Missing values are independent of the target and about 25% of all passengers have at least 1 missing value.

The **easiest** way to deal with missing values is to just use the **median** for continuous features and the **mode** for categorical features but To improve accuracy of our models then we need to look for patterns within the missing data. The way to do this is by looking at the **joint distribution** of features.

**HomePlanet:**

**HomePlanet and Passenger_Group**


In [None]:
# Joint distribution of Passenger_Group and HomePlanet
idx1 = df_data.groupby(['Passenger_Group','HomePlanet'])['HomePlanet'].size().unstack().fillna(0).astype(int)
idx1.head()

In [None]:
sns.countplot((idx1>0).sum(axis=1))
plt.title('Number of unique home planets per group')
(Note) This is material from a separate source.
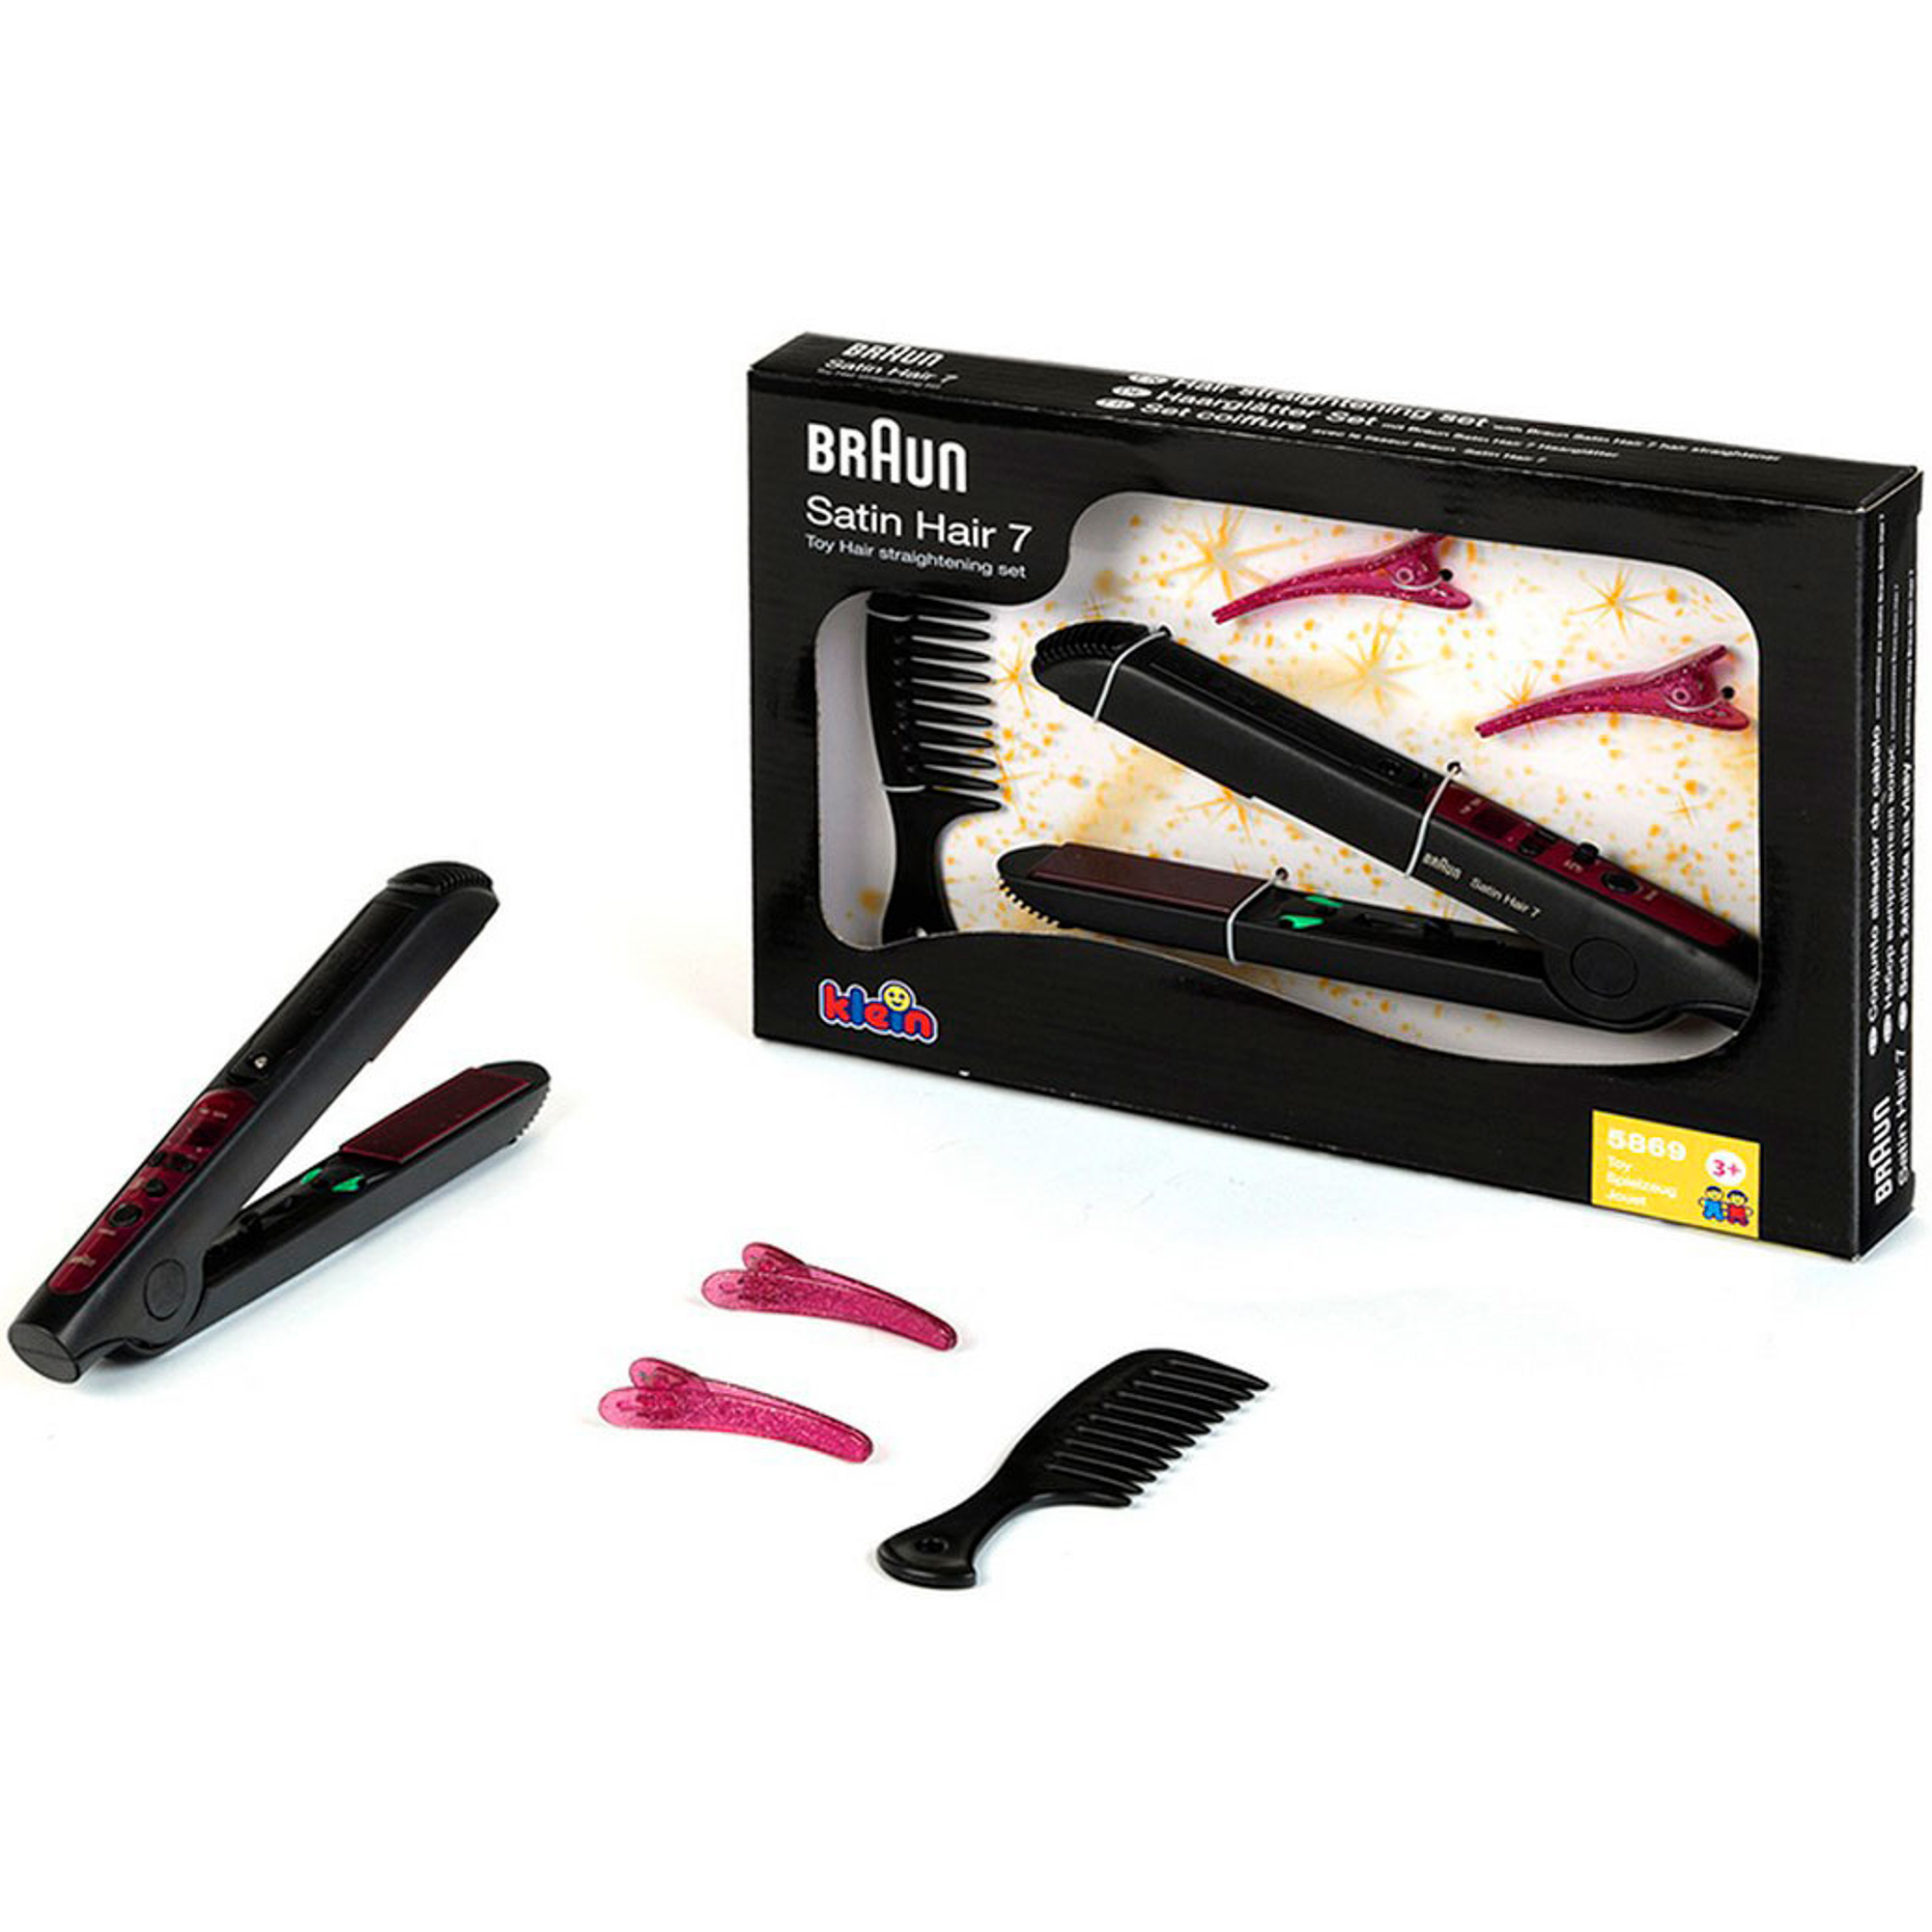 Klein игровой набор braun satin hair 7 модель для причесок

This shows that everyone in the same group comes from the same home planet. So we can fill the missing HomePlanet values according to the group.

In [None]:
# Missing values before
before_HomePlanet_miss = df_data.HomePlanet.isnull().sum()

# Passengers with missing HomePlanet and in a group with known HomePlanet
idx2=df_data[df_data.HomePlanet.isnull()][(df_data[df_data.HomePlanet.isnull()]['Passenger_Group']).isin(idx1.index)].index

# Fill corresponding missing values
df_data.loc[idx2,'HomePlanet'] = df_data.loc[idx2,'Passenger_Group'].map(lambda x: idx1.idxmax(axis=1)[x])

# Print number of missing values left
print('Number of HomePlanet missing values before:',before_HomePlanet_miss)
print('Number of HomePlanet missing values after:',df_data['HomePlanet'].isnull().sum())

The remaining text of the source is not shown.